|
Texto Anterior | Próximo Texto | Índice
CDS
FOLK
Compositor irlandês é revelação da trilha do filme "Closer", de Mike Nichols
Damien Rice modula a voz e o coração em seu álbum "O"
DIEGO ASSIS
DA REPORTAGEM LOCAL
Levou mais de três anos, mas
finalmente chegou. "O", disco de estréia do cantor e compositor irlandês Damien Rice, acaba
de ser lançado no Brasil pela Warner, e, ainda que tardio, corre o
risco de ser "o" disco de 2005.
Puxado pela música-tema de
"Closer - Perto Demais", filme de
Mike Nichols, "O" foi lançado em
fevereiro de 2002 no mercado britânico e em janeiro deste ano continuava na oitava posição entre os
mais vendidos do reino.
"The Blower's Daughter", que é
tocada integralmente na abertura
e no final da produção mais recente do diretor, provocou nele
uma reação parecida à de quando,
em 1967, "descobriu" uma certa
dupla Simon & Garfunkel e resolveu incluí-la em "A Primeira Noite de um Homem".

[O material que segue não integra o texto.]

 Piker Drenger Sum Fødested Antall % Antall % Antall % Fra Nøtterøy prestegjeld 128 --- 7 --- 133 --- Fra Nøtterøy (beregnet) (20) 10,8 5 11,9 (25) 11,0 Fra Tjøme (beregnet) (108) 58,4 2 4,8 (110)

Dos versos inesquecíveis para
quem viu o filme ou ouviu a música -"Eu não consigo tirar meus
olhos de você"- nasceu também
o slogan de "Closer": "Se você
acredita em amor à primeira vista, nunca vai parar de procurar".
Em entrevista a um jornal americano, Jude Law, um dos atores
do filme, revelou que a música de
Rice foi "contratada" por Nichols
antes das estrelas do elenco.
E não é para menos. Com a voz e
o violão de um Nick Drake ou
Leonard Cohen contemporâneo,
"The Blower's Daughter" é só a
ponta do iceberg de um dos mais
sinceros e doídos discos de estréia
de que se tem notícia -feito que
o geninho Beck levou oito anos e
sete álbuns para atingir com o subestimado "Sea Change" (2002).

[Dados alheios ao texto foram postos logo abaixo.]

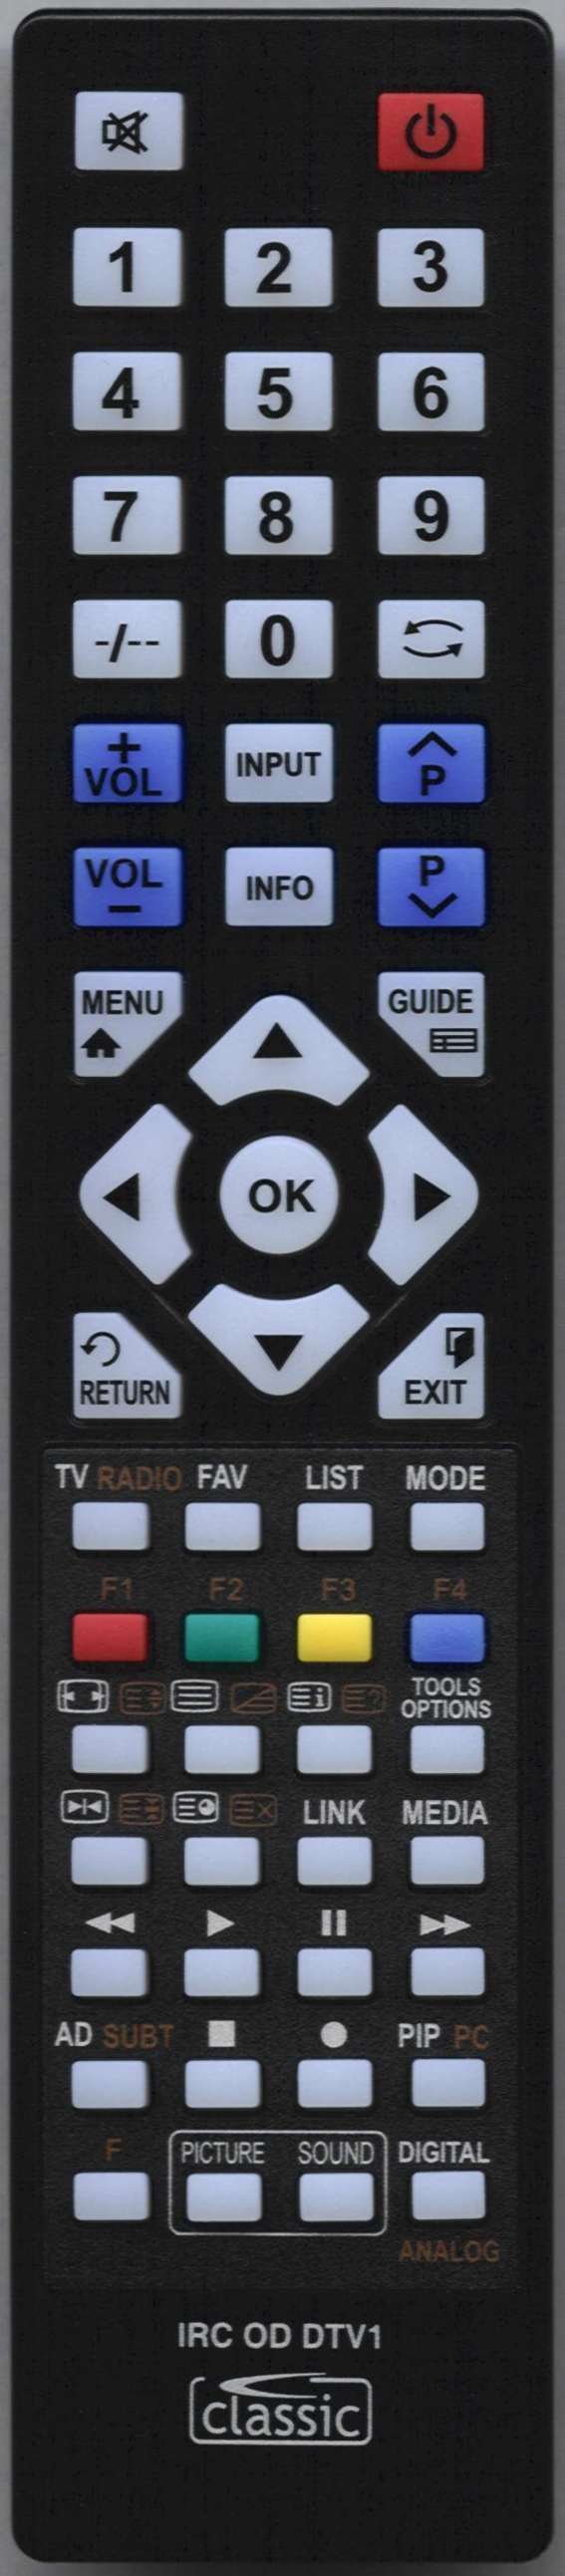 ORION TV32FX555BD Remote Control

Gravado praticamente todo em
um porta-estúdio caseiro, "O"
junta os dedilhados intimistas do
cantor com arranjos de violoncelo e violino e, como cereja do bolo,
a voz adocicada de Lisa Hannigan. E tome sofrimento:
"Um brinde a você e ao seu
amorzinho / Eu tenho anos para
esperar por você / E os sinos do
seu casamento em meus ouvidos /
Você me deu três cigarros para fumar as minhas lágrimas", canta,
com a voz embriagada, piano ao
fundo, em "Cheers Darlin'".
"Cold Water", talvez a mais triste de todo o disco -o que não é
pouco-, começa com os lamentos de Rice agonizando à beira da
morte ("Tudo o que tenho é a sua
mão / Senhor, você pode me ouvir
agora?"). A agonia é logo interrompida quando a voz angelical
de Lisa assume o dueto e, mais
tarde, quando a canção é tomada
por um coral de canto gregoriano.
Soturno, não caricato.
Ao longo das dez faixas de "O",
a poesia do bardo irlandês, que,
como seu conterrâneo Bono, não
dispensa uma luta pelos direitos
humanos em Mianmar, Irã e onde for necessário, visita o drama
de casais de jovens namorados às
voltas com um amor impossível
("Delicate"), as circunstâncias de
uma separação ("Volcano") e o
medo da perda ("Cannonball").
Mas, ao mesmo tempo em que
abrem as portas para o desespero,
as composições de Rice trazem
embutidas a possibilidade de redenção catártica pelas cordas
-de orquestra, em "Amie" e "Eskimo", ou vocais mesmo, como
na esgoelada "I Remember", que
faz os pêlos do braço levantarem
com o volume da música. Pense
no radiohead Thom Yorke, em
sua melhor forma, cantando o hino indie "Creep"...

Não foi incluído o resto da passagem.